Good research begins well before the first experiment starts.

During World War II, a statistician by the name of Abraham Wald was given a rather unexpected job, given his background: of improving the survival rate of US aircraft. Wald was a smart man and looked over the prior analyses that had been done. The previous investigators had seen the damage and destruction dealt to the aircrafts, and advised more armor being added to the most damaged areas, to increase their protection. Specific parts were shot and torn up, so new armor was added.

Yet the survivability rate didn’t increase. In fact, it decreased, as the new armor added weight and reduced the agility of the planes, and they still arrived back with damage in the same areas. Wald observed all of this and advised that the airforce start adding armor only to the untouched areas – the parts without a trace of damage. He reasoned that the only data about survivability was coming from the surviving planes themselves; the ones that came back with damage showed exactly where the non-lethal blows could be dealt.

With the advice taken onboard, the survivability increased and the rest is, well, history. While this makes for a great example of lateral thinking, it also tells us something critical about data collection – that of selection bias.

Selection bias is an experimental error that occurs when the participant pool, or the subsequent data, is not representative of the target population.

There are several types of selection bias, and most can be prevented before the results are delivered. Although there might not always be an entire airforce on the line when it comes to getting it right, it’s still essential for good research.

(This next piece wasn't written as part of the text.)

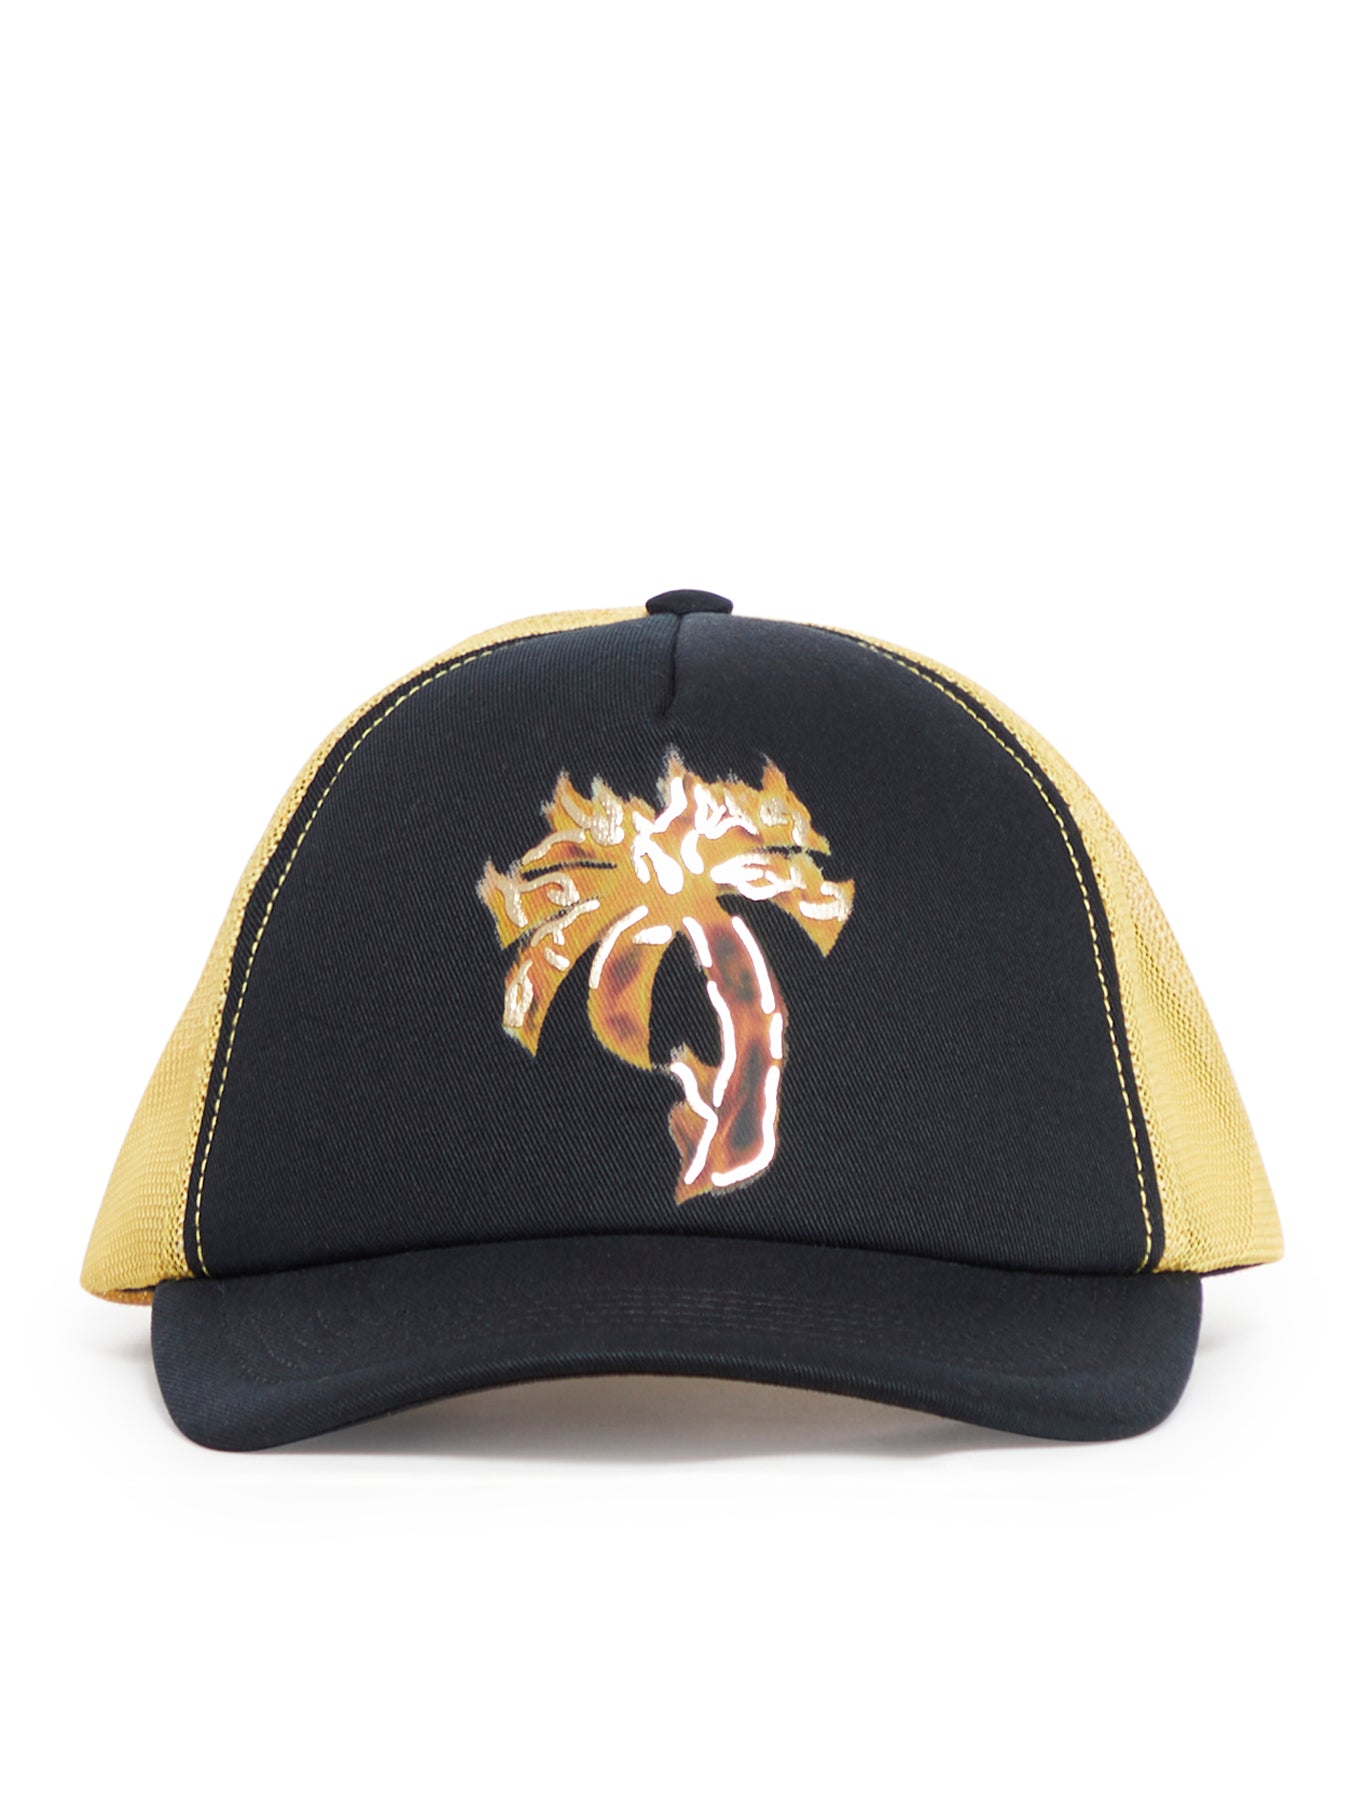 Baseball hat with Burning Palm print

Let’s go through some examples, and explore what can be done to stop this bias occurring before the first data point is even collected.

Sampling Bias

There are several aspects of sampling bias, all of which ultimately mean that the population being studied does not provide the data that we require to make conclusions.

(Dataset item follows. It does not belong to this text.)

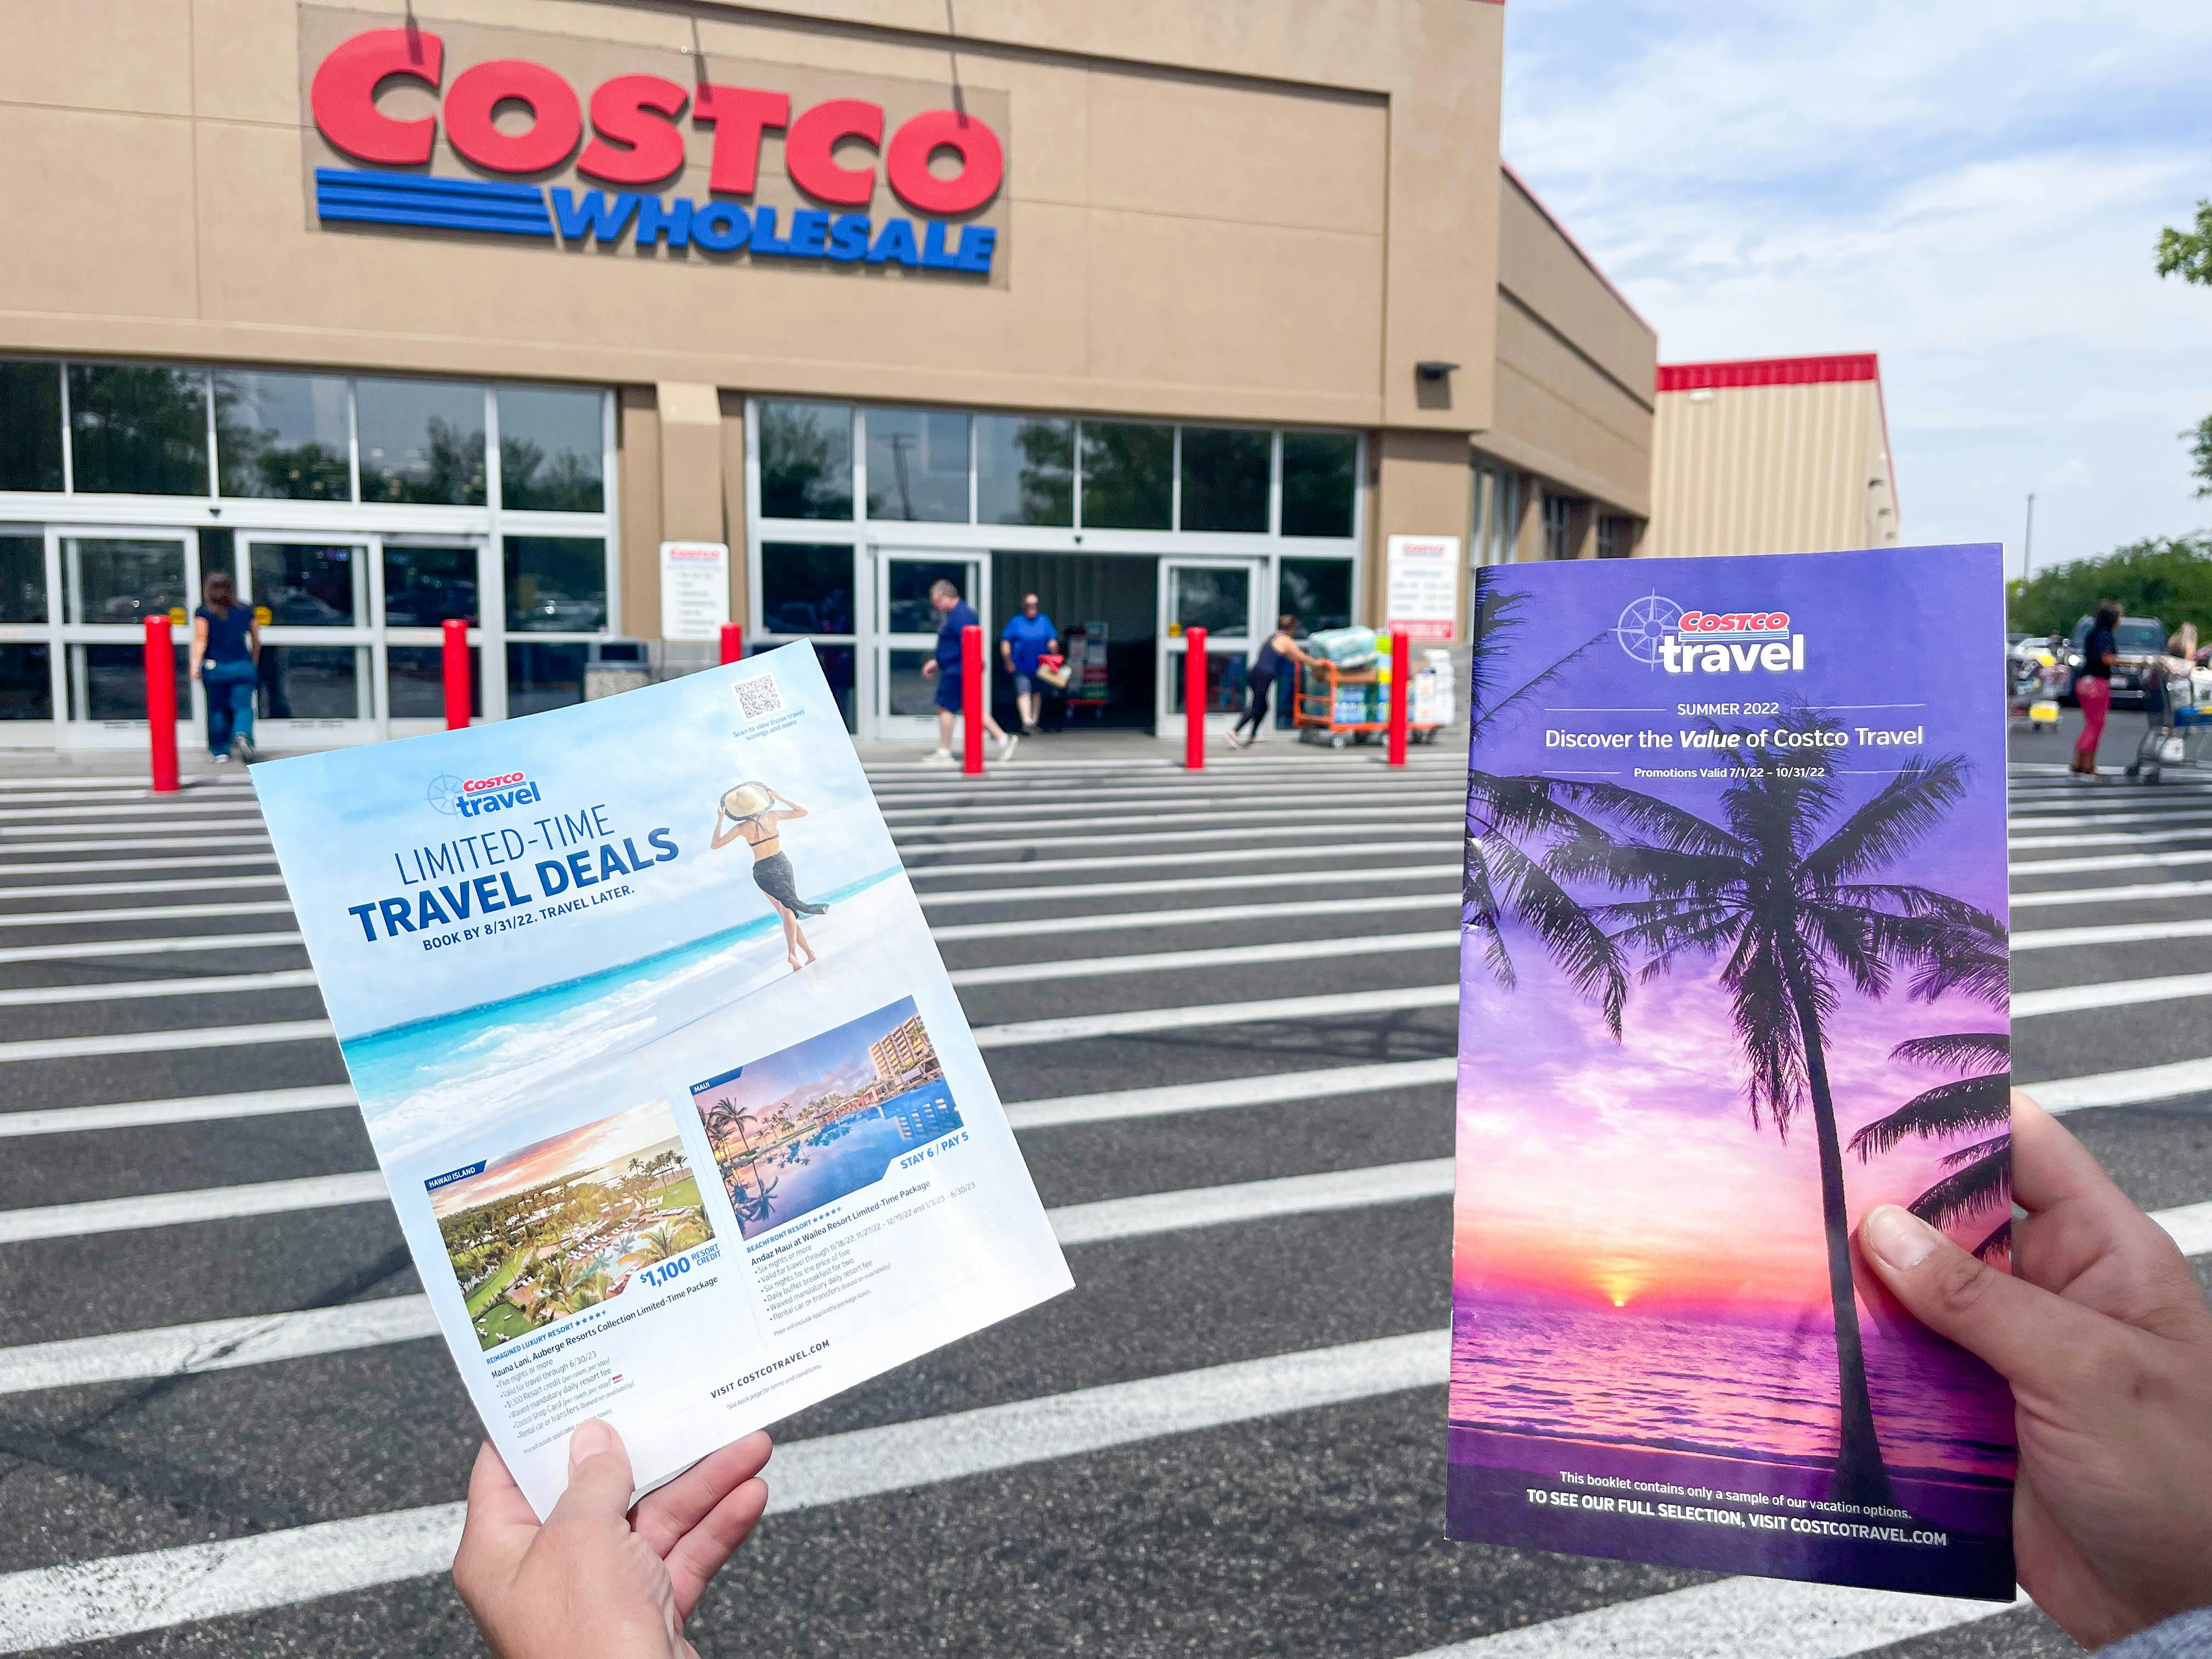 costco hawaii travel promotion code

A common example of this happening in practice is through self-selection. Specific groups of people may be drawn to taking part in a particular study because of self-selecting characteristics. It is known that individuals who are inclined to sensation-seeking, or thrill-seeking are more likely to take part in certain studies, which could skew data from a study if it is examining those personality traits (and possibly within other studies too).

selection bias

The best way around this bias is to draw from a sample that is not self-selecting. This may not always be possible of course, due to experimental constraints (particularly for studies requiring volunteers), but particular effort should be made to avoid the potential for this bias when examining different personality types. The effects of this bias are unlikely to be so detrimental if the experiment is concerned with something more constant, such as psychophysiological measurements.

Screens as smokescreens

Another pitfall that experimenter’s can fall into is to pre-screen participants. There can be good reasons to do so (for example, to ensure correct control groups), but this can also have the effect of distorting the sample population. As a consequence this could result in selecting participants that share a common characteristic that will affect the results.

This is similar to self-selection in outcome, but is lead by the researcher (and usually with good intentions). To avoid this, a double-blind experiment may be necessary where participant screening has to be performed, meaning that the choices are made by an individual who is independent of the research goals (which also avoids experimenter bias).

screening participants

Attrition (but not in a theological sense)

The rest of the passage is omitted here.